Нет ничего скучней чужой любовной переписки, если письма эти сочинялись искренне. Это так же скучно, как пересказы чужих снов. Значительность их — лишь в воображении самих участников любовного акта или ночного кошмара. Мы знаем, что лучшие образцы эпистолярного жанра сочинялись сознательно как литературное произведение: это не романы, конечно, но это и не бессознательная исповедь чувств; это выдумывание самого себя на ходу по ходу дела в ходе ежедневной текучки — для другого, ему и во имя его, выдумывание себя таким, каким ты хотел бы себя видеть в его глазах. Человек больше самого себя, он самому себе не ведом, он пробует себя в разных ипостасях, ему нужен чужой взгляд, чтобы увидеть себя со стороны в глазах другого. Искренность тут не в полной отвязанности и эмоциональной развязности, а в попытке до конца испробовать все возможности себя в ином — другом, не таком, как прежде, — свойстве. И я думаю, все разговоры о разнице в общении — в России и вне ее — именно в разном отношении к искренности такого рода метаморфоз.
Может быть, мы принципиально не способны говорить правду. Правда слишком велика для разговорно-эпистолярного слова. Можно (хотя и трудно), конечно, не врать. Но и в этом нет ничего особенно обнадеживающего для прояснения истины. Может быть, мы способны лишь на постепенное продвижение к истине через разные формы лжи и вранья. Самая восхитительная и интригующая форма разговорного обмана и надувательства — в Интернете, где можно выбрать себе хоть пять псевдонимов и изображать из себя кого угодно. Но даже это сознательное шарлатанство, по-моему, имеет свой смысл: ты можешь выговаривать и обговаривать свои самые тайные страстишки в компании себе подобных с совершенно полной безнаказанностью при полной анонимности. Честность тут — в поддержании иллюзии, виртуальной реальности.
Лондонская школа учит нас тому, что в конечном счете общение — это не попытка отыскать единство с себе подобными, а увидеть себя и других с необычной стороны. Интернет — как английский частный интернат, public school, где обучают жить и говорить в разных обстоятельствах на заранее предложенную тему, как бы по системе Станиславского. Общение — это своего рода самопровокация, подстрекательство на нечто такое, чего от себя не ожидал, сидя в одиночестве.

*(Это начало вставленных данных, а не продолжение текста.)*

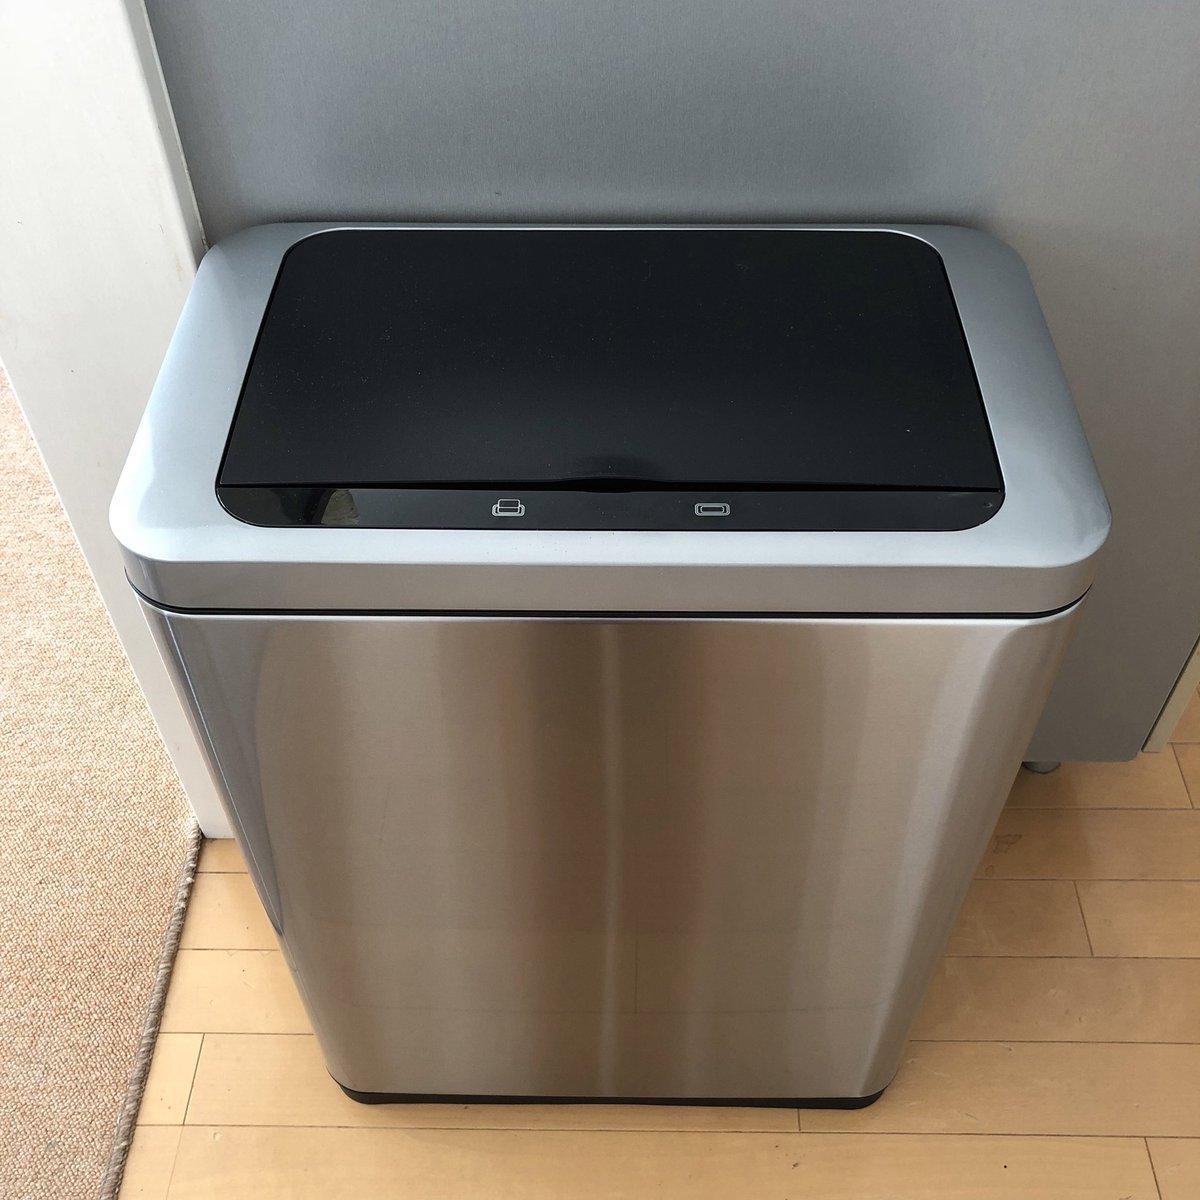 ゴミ箱 コストコ センサー

Англосаксонский ум пытается обнаружить, выявить и подчеркнуть разницу, дать ей имя, подыскать ей форму, нишу, возможность дышать и сосуществовать, соседствовать с другими, себе не изменяя, к другим приглядываясь. Российский же интеллигентский темперамент пытается разницу сгладить во имя видимости согласия. Как это ни странно, может быть, российский алкаш у пивного ларька, который задирается, пристает, нарывается на скандал, парадоксальным образом ближе по разговорному темпераменту к вышколенному мастеру английских застольных разговоров, чем российский интеллигент с его задушевностью и разговорным братанием. Я бы даже сказал, что, при всем видимом скептицизме в личном общении, английская разговорная культура именно к подобному братанию и тянется, но боится, что у нее не получится. У России же, наоборот, это когда-то прекрасно получалось, но ей больше не хочется.